DRSC (Dirichlet-Rescale-Constraints): Uniformly samples the standard simplex (for fixed-sum vectors), then applies successive affine maps to navigate into feasible regions defined by linear and nonlinear constraints, preserving uniform measure by construction and ensuring exact uniformity even under complex feasible regions (Willemsen et al., 28 Jan 2025).
Failures of naive DRS (Dirichlet-Rescale) under overlapping or non-simplex constraints are explicitly analyzed, and DRSC correctness is established by Jacobian preservation and careful induction on simplexes partitioning (Willemsen et al., 28 Jan 2025).

In modern generative modeling, stochastic process–based sampling is adapted:

Constraint-aware flow-matching combines learned ODE flows from base to target distributions with constraint penalties or policy gradient, balancing high-dimensional fitting and satisfaction probability, even with non-differentiable oracle constraints (Huan et al., 18 Aug 2025).
Diffusion-based guided sampling (e.g., GuidedDiffTime) injects differentiable constraint guidance at each denoising step—enabling enforcement of complex, hard or soft constraints during DDPM-based time-series or image generation—avoiding retraining when constraints change (Coletta et al., 2023).

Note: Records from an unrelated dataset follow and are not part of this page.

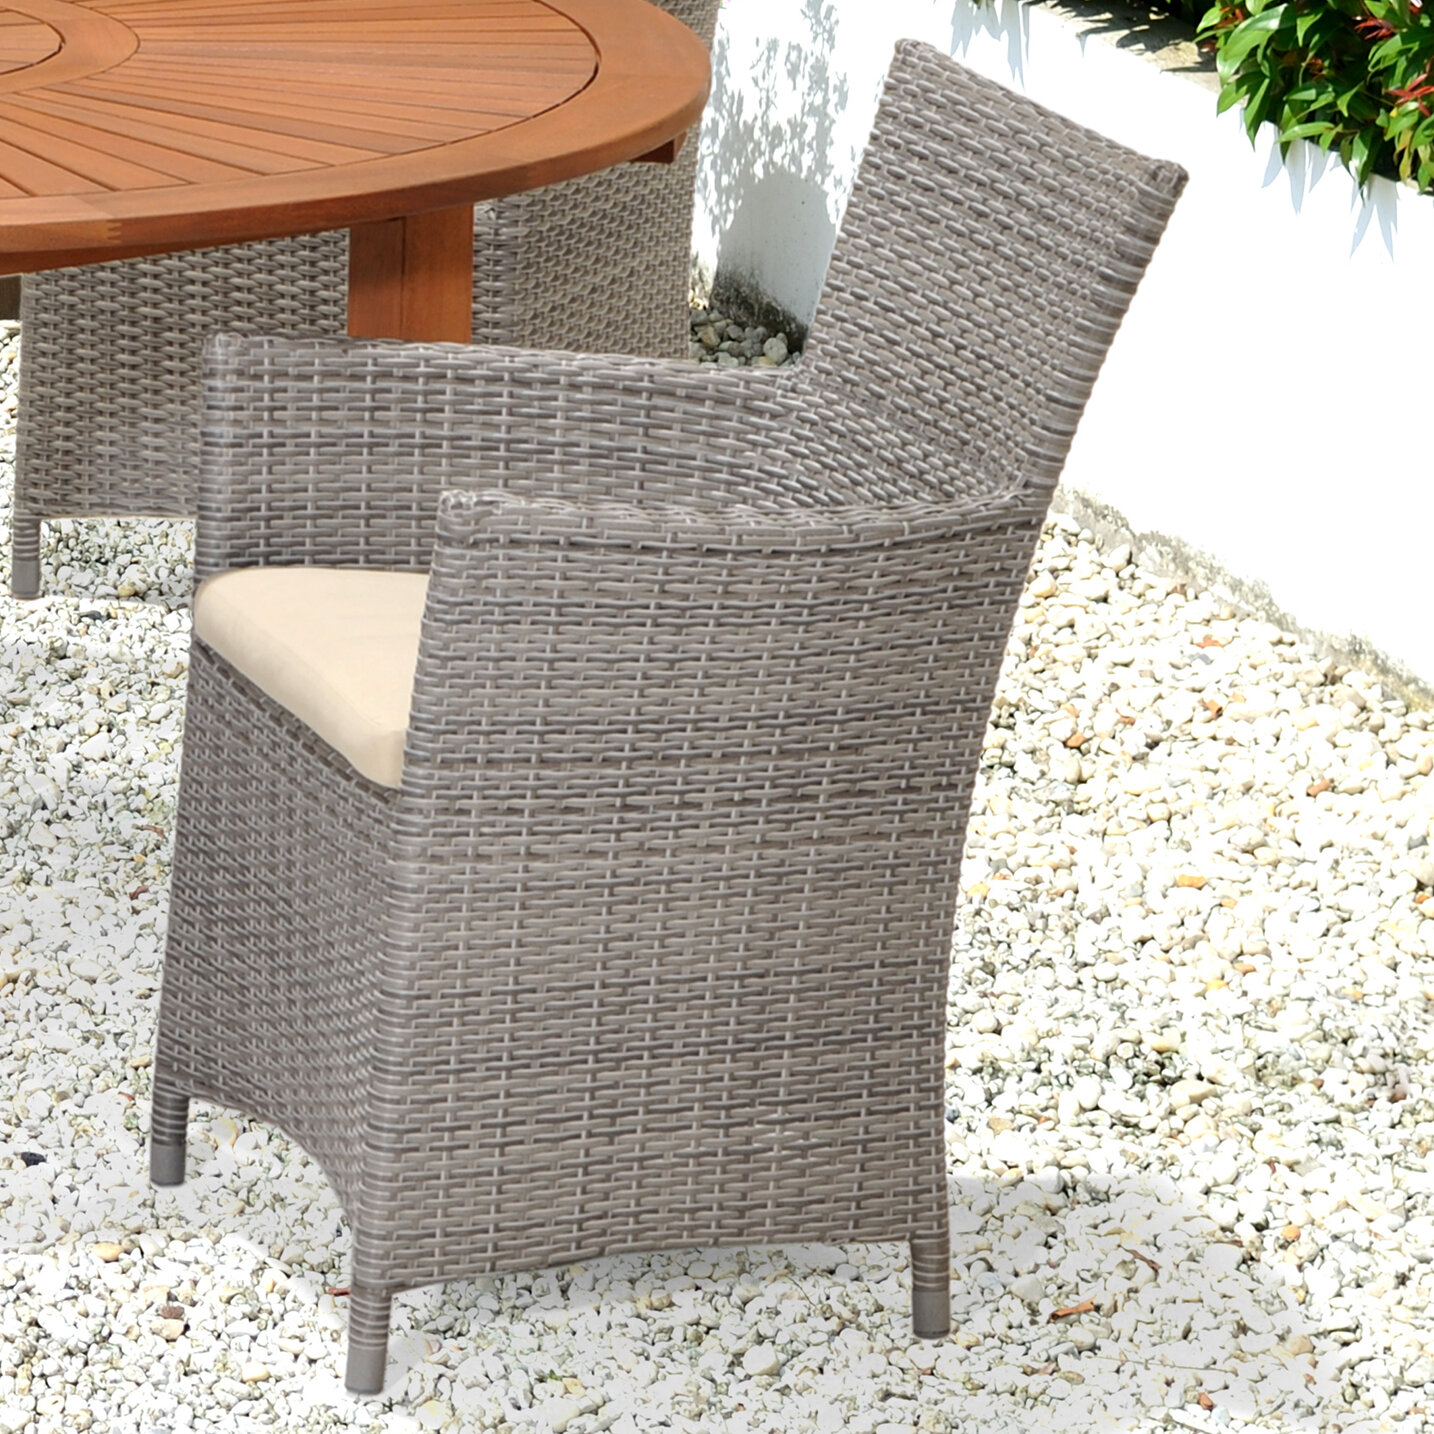 Wildon home baker lounge chair reviews wayfair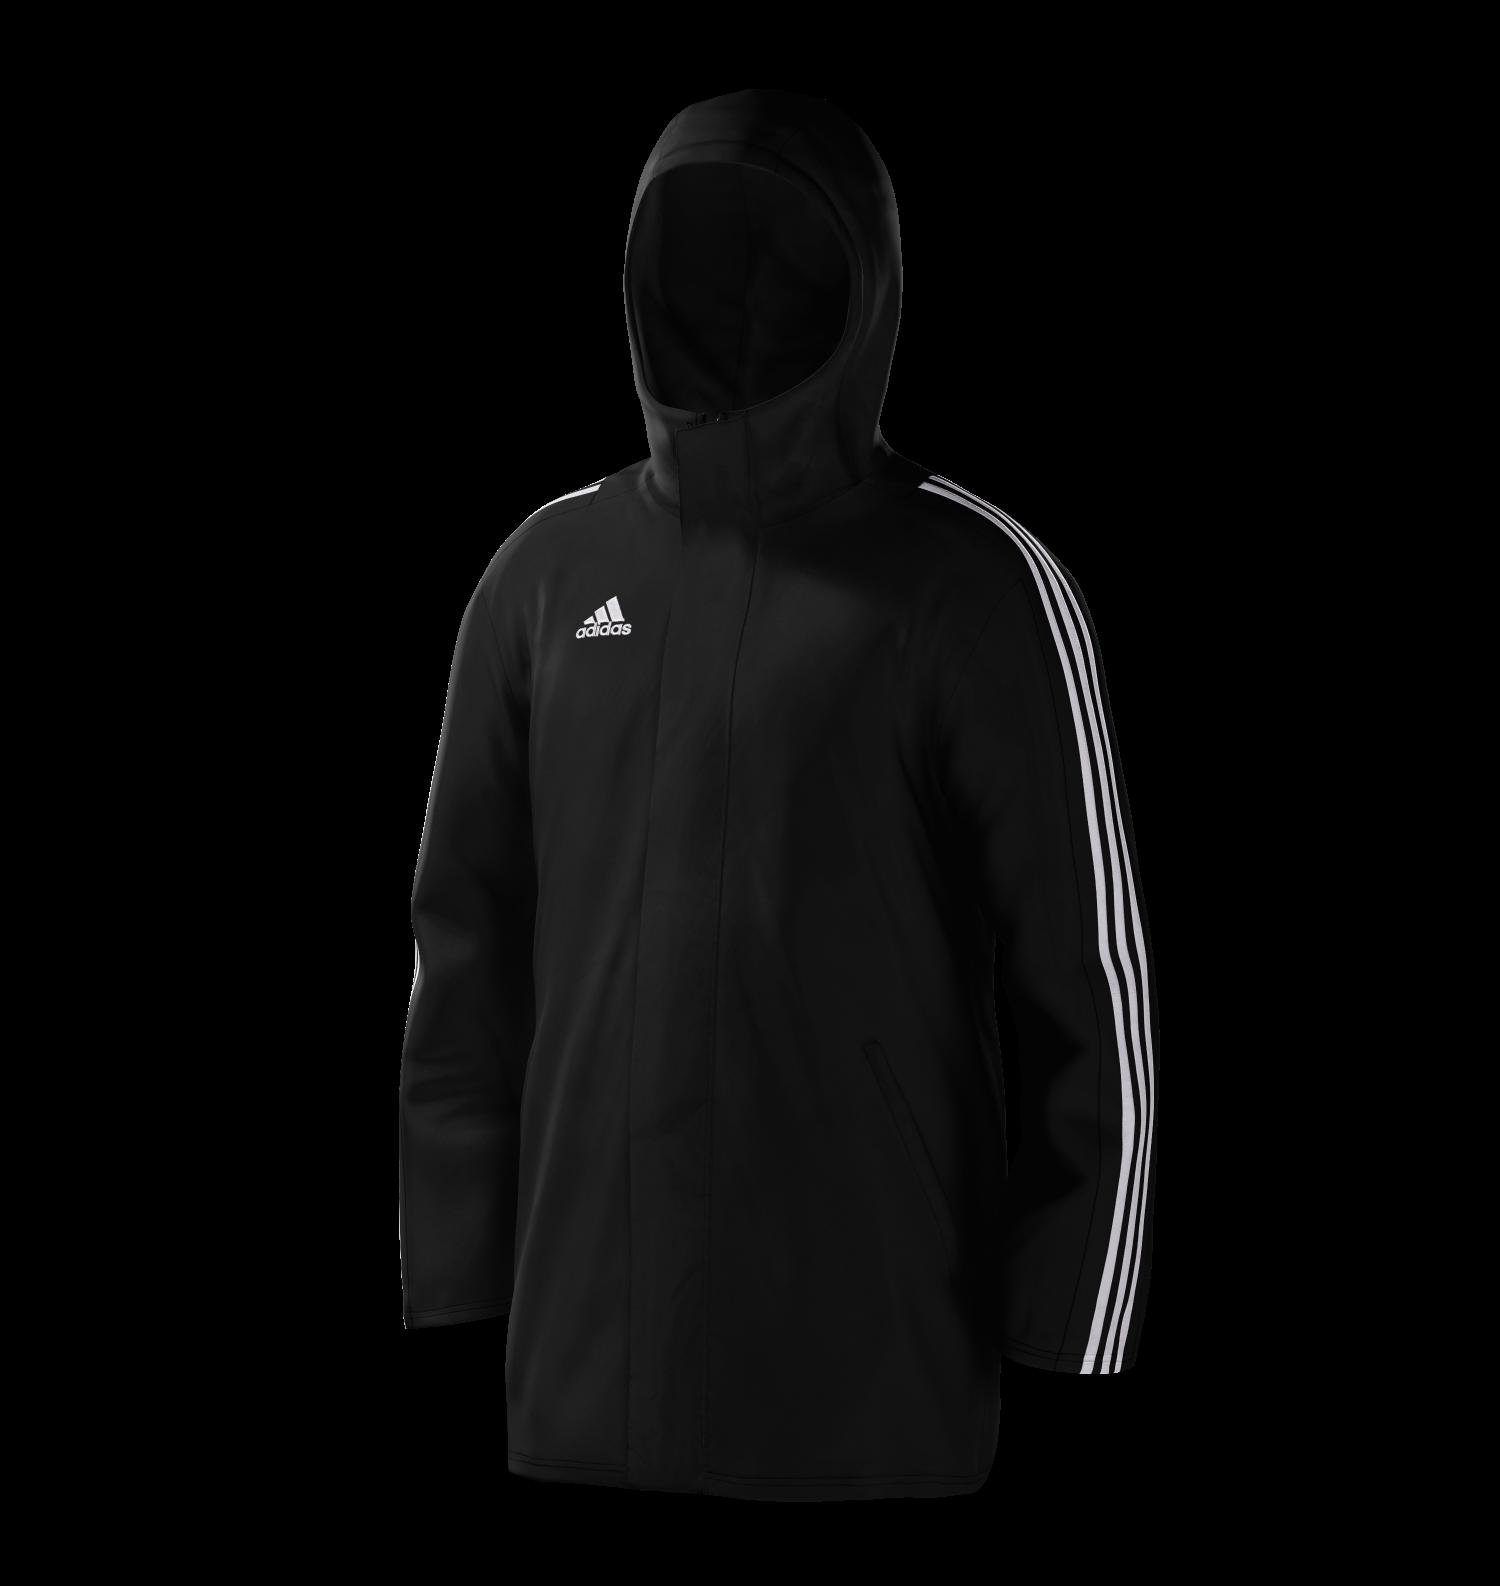 Kirkby Lonsdale Hockey Club Black Adidas Stadium Jacket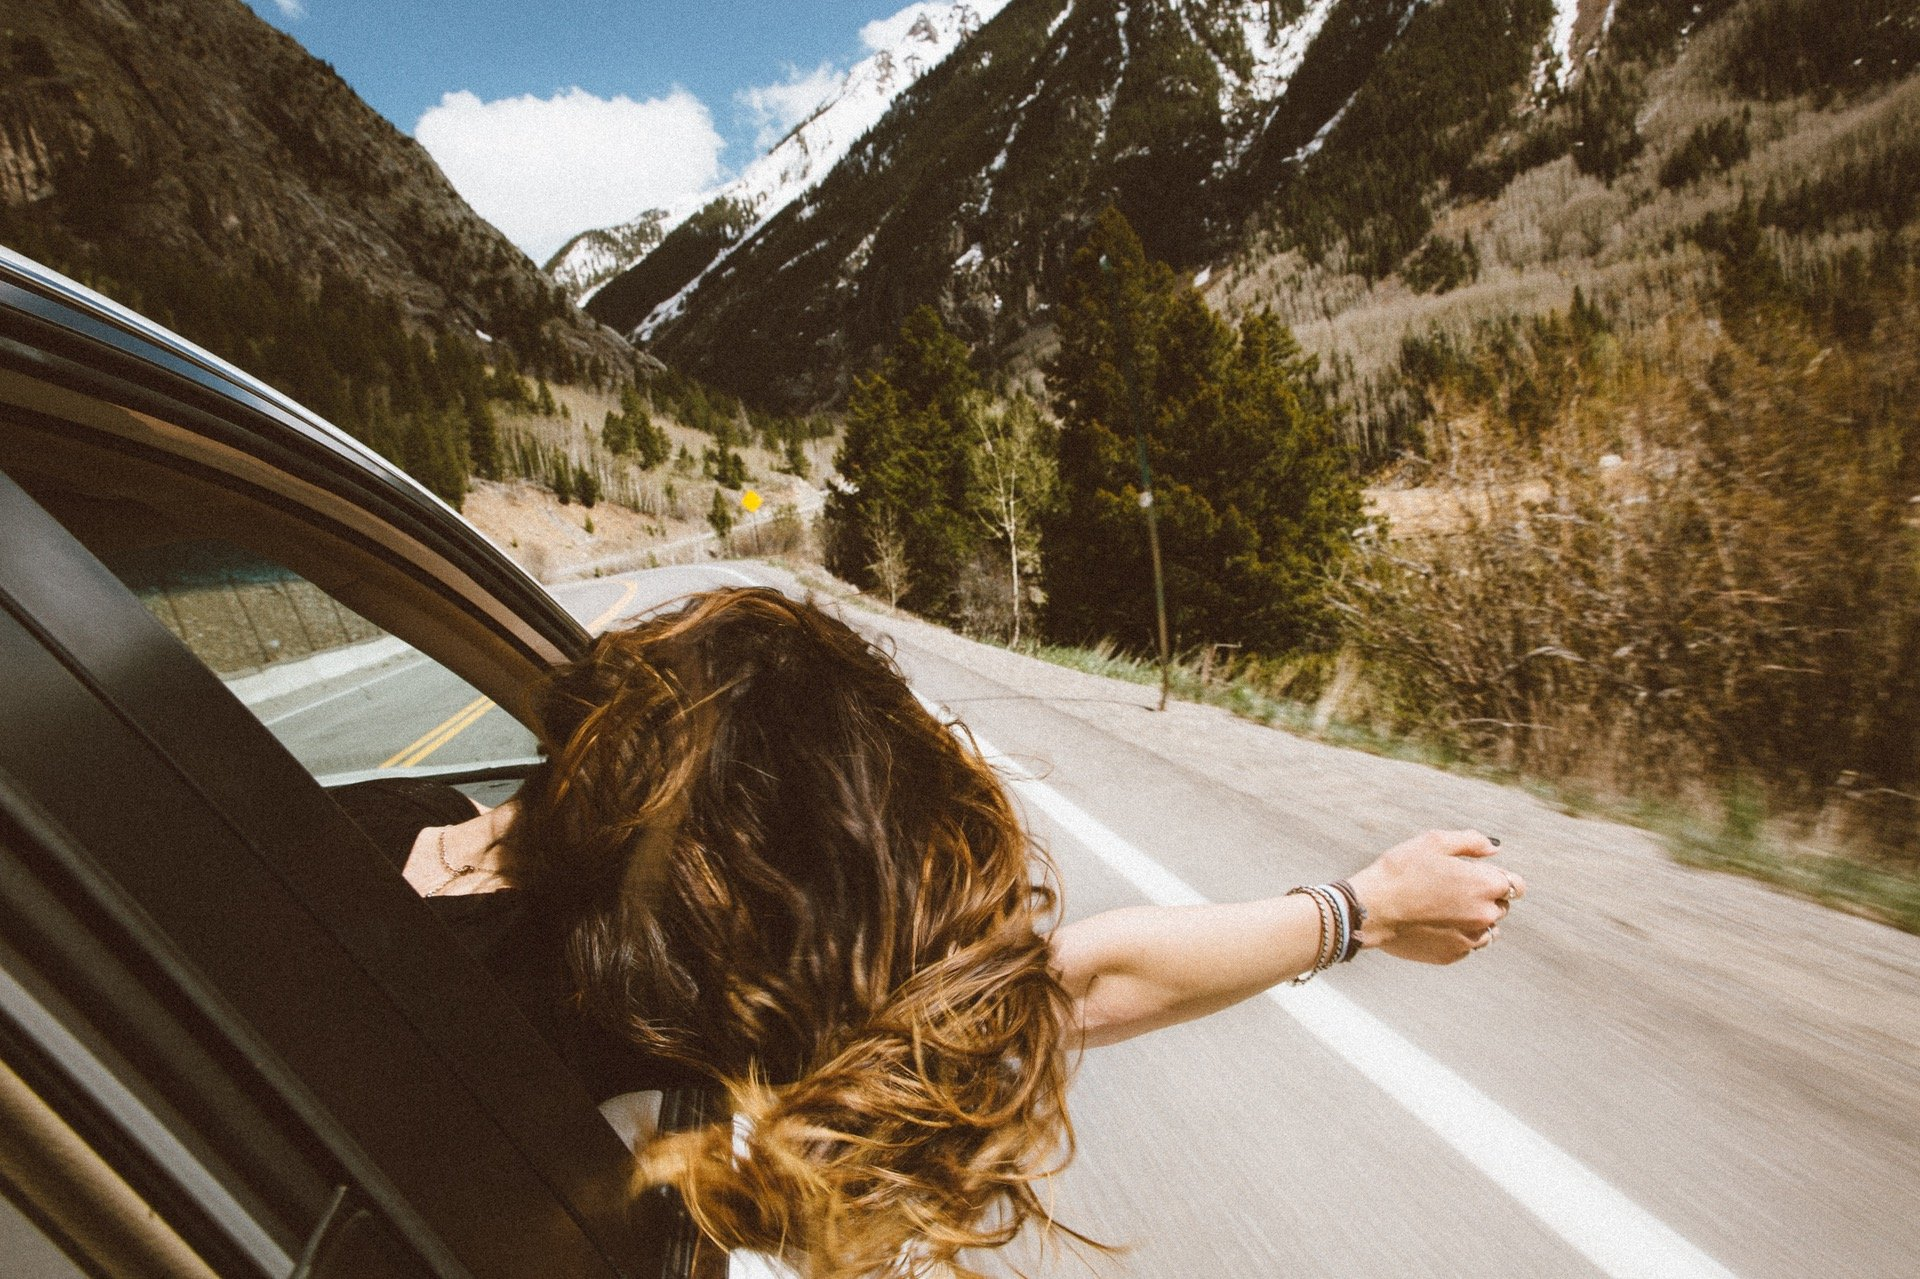 6 Tactics to Prevent Burnout & Manage Stress

7. Exactness, Bias, and Efficiency: Analysis and Trade-offs

Uniformity, efficiency, and coverage are key comparative axes across methods:

Markov Chain Monte Carlo (MCMC)-type methods can reach exact uniformity as $k$ increases, but at a computational cost per trial and possible impracticality for complex $C$ unless $k$ is large (Tabourier et al., 2010).
Hash/XOR-based SAT witness generation achieves scalability and adjustable approximate uniformity for large $n$ with provable statistical bounds (Chakraborty et al., 2014).
Controlled-bias generators (e.g., for minimal CSP/Sudoku) can be analyzed for explicit sample bias (e.g., as a function of clue count) and reweighted post hoc to produce unbiased estimators of statistics over the true uniform population (Berthier, 2011).
Flow-guided and diffusion-guided samplers incur domain-specific costs (differentiability, constraint query complexity) but allow conditional, soft, and hard constraints to be incorporated directly in high-dimensional, structured generative tasks (Huan et al., 18 Aug 2025, Coletta et al., 2023).
Decisional approaches (SAT/SMT/CP) can guarantee satisfaction with full constraint expressivity but may only approximate uniformity depending on variable-order randomization and solver heuristics (Korneev et al., 2018, Dilkas et al., 2020, Katz et al., 1 Sep 2024).

The theory and practice of constrained random generation continue to evolve, with current research focusing on the trade-off between guarantee strength (e.g., exactness/uniformity), scalability to high-dimensional and highly constrained domains, and the flexibility to handle new constraint classes with minimal retraining or reparameterization.